The novel focuses on Tecumseh Sparrow Spivet, a “12 year-old genius mapmaker”, as the blurb tells us, who lives with his family on a ranch in Montana. In what seems to be a family tradition of sorts, a woman of science has married a man of the land, and TS falls down squarely on his mother’s side as far as his intellectual development goes.  The maps he makes show all manner of observations, from how his sister, Gracie, shucks corn to the distribution of McDonalds in North Dakota.

…since Neolithic times we had been marking down representations on cave walls, in the dirt, on parchments, trees, lunch plates, napkins, even on our own skin so that we could remember where we have been, where we want to be going, where we should be going. There was a deep impulse ingrained in us to take these directions, coordinates, declarations out of the mush of our heads and actualize them in the real world.
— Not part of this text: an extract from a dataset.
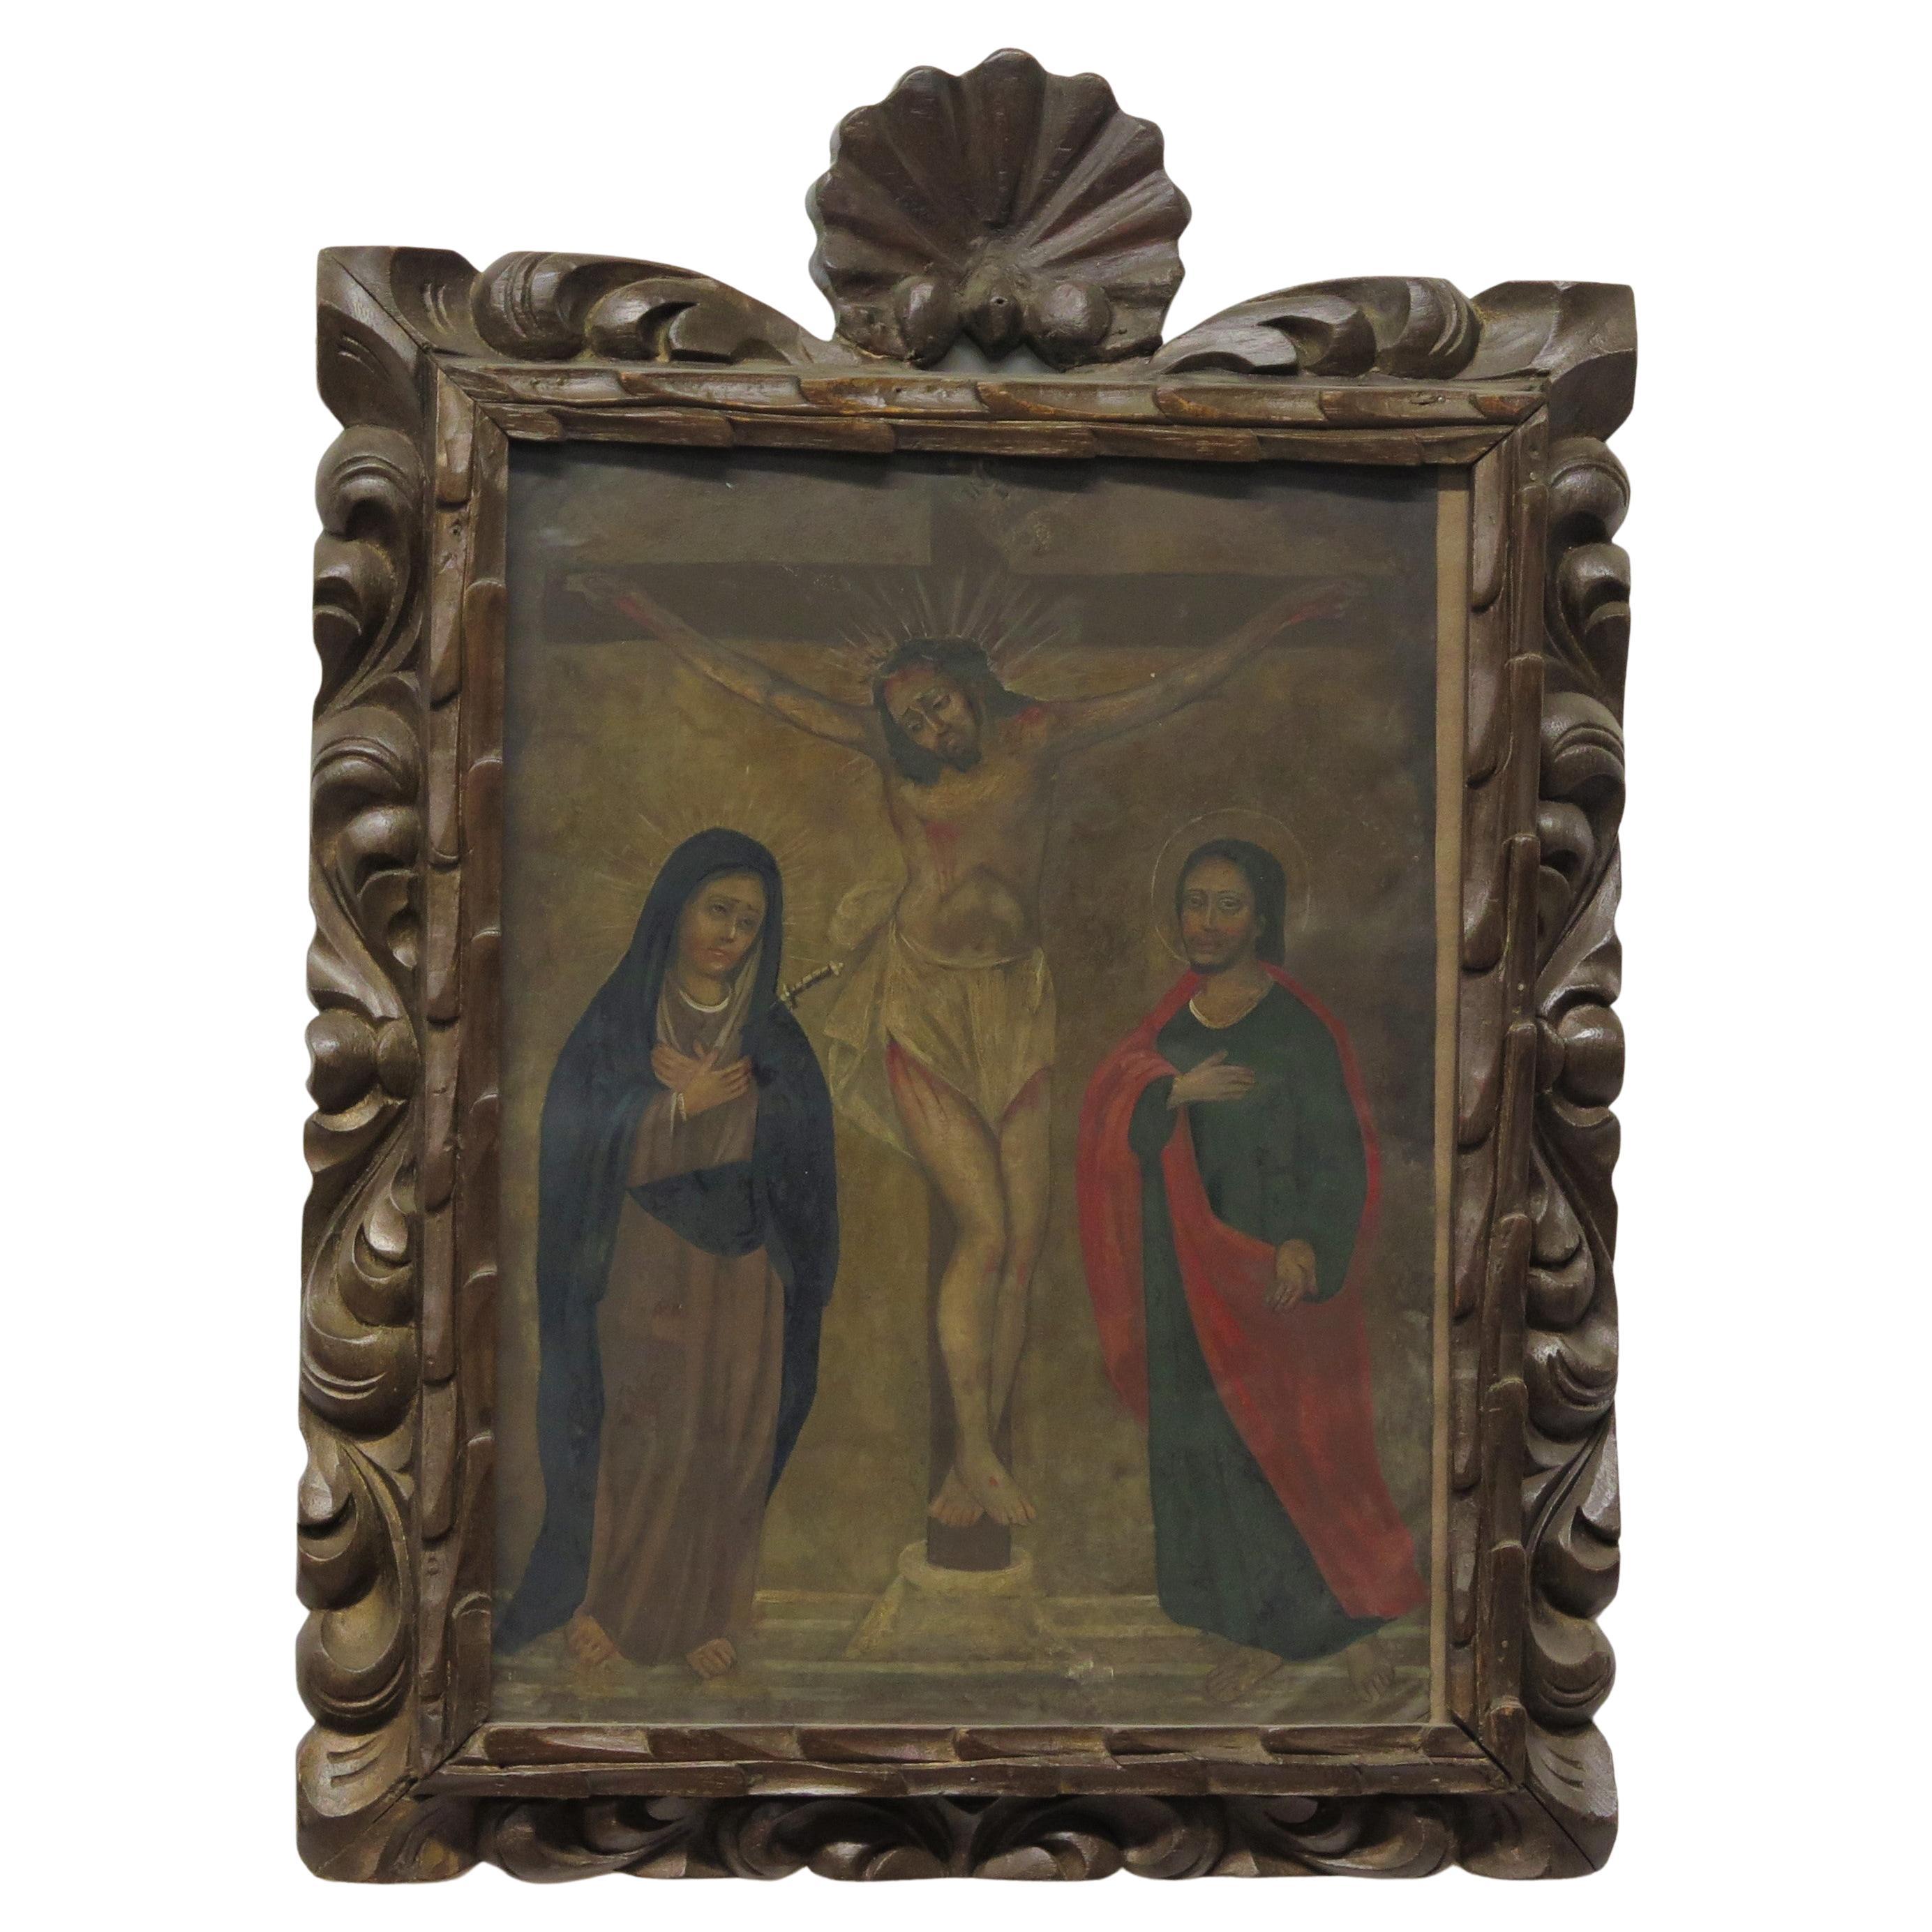 Spanisches Retablo aus der Kolonialzeit "The Crucifixion" mit der Jungfrau Maria und dem Heiligen Johannes

Since making my first maps of shaking hands with God, I had learned that the representation was not the real thing, but in a way this dissonance was what made it so good: the distance between the map and the territory allowed us breathing room to figure out where we stood.

Life on the farm is quite slow, so it’s with much relief that the narrative receives immediate propulsion from a phonecall informing TS that he has won a prestigious Baird Fellowship from the Smithsonian. His age unbeknownst to the institution, TS takes the decision to run away to Washington to deliver a speech and it’s this journey, of one young boy heading out into the world, that forms the backbone of The Selected Works Of TS Spivet.

In the mix of a journey and of a gifted child I was reminded of Mark Haddon’s The Curious Incident Of The Dog In The Night-time, a children’s book about an autistic boy who takes a journey of his own to London. Not so much for the principal similarities, but by what’s learnt about the mothers of each child. TS, on making his way to Washington, steals one of his mother’s notebooks and learns more about her, and his family, than he previously knew, his trip becoming a journey of discovery in more ways than one.

When it comes to children as narrators I admit to having a bit of a bugbear about them being precocious, moreso in the hands of new writers. I think this stems from my viewing it as daft way to impart the character with a unique trait. After all, some of the better child narrators I’ve read - Holden Caulfield in The Catcher In The Rye or Paddy Clarke - have little to recommend them, yet their delivery, innocence, and frailty makes them memorable. Where those characters had believable voices, it’s hard to accept that any twelve year old, genius or not, would come up with phrasings like this:

I was no advertising expert, but in observing my own behavior in the vicinity of McDonalds, I had mapped out a working theory about how the place penetrates my permeable barrier of aesthetic longing, in a trio of multi-sensory persuasion:

Or this:

Did the true, umbilical love that binds people together for the rest of their lives require a certain intellectual dislocution in order to push past our insistent rationalization and enter the rough, uneven space inside our hearts?

Where TS Spivet’s delivery does work, however, is in the sidebars that accompany the text. While infuriated by the volume of footnotes in Junot Díaz’s The Brief Wondrous Life Of Oscar Wao, the lines leading off from the end of paragraphs to small paragraphs or diagrams at the side of the page is effective. Typically they fill in some more detail without upsetting the narrative, but the best ones are the occasional visual gags that do highlight the world of an inquisitive mind.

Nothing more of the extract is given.